Input for this task:

- - - - -

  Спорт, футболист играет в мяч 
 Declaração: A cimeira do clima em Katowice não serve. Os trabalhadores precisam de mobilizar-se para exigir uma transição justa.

- - - - -

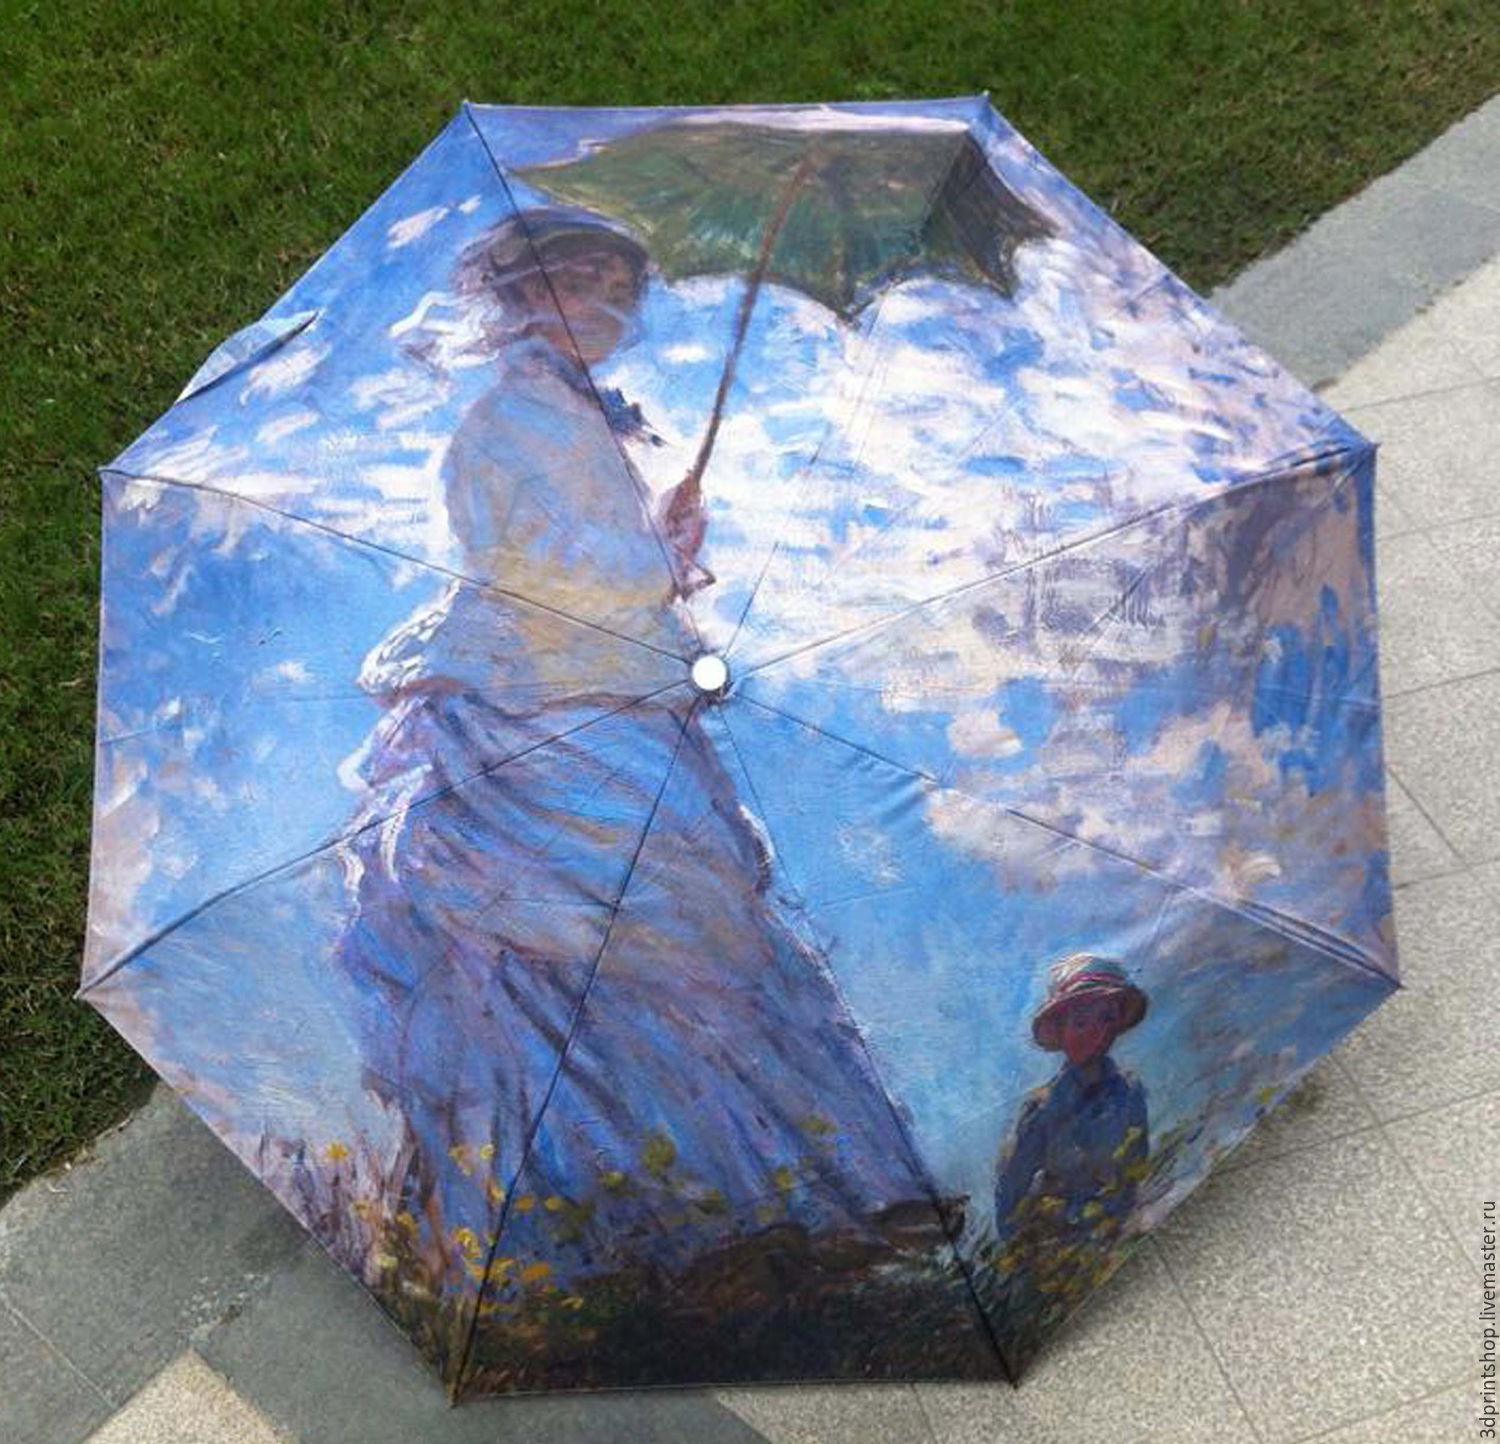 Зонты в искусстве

- - - - -

Print exactly the lines above, between the one holding "Спорт, футболист играет в мяч" and the one holding "Declaração: A cimeira", inclusive, and nothing besides.

  Спорт, футболист играет в мяч 
 Declaração: A cimeira do clima em Katowice não serve. Os trabalhadores precisam de mobilizar-se para exigir uma transição justa.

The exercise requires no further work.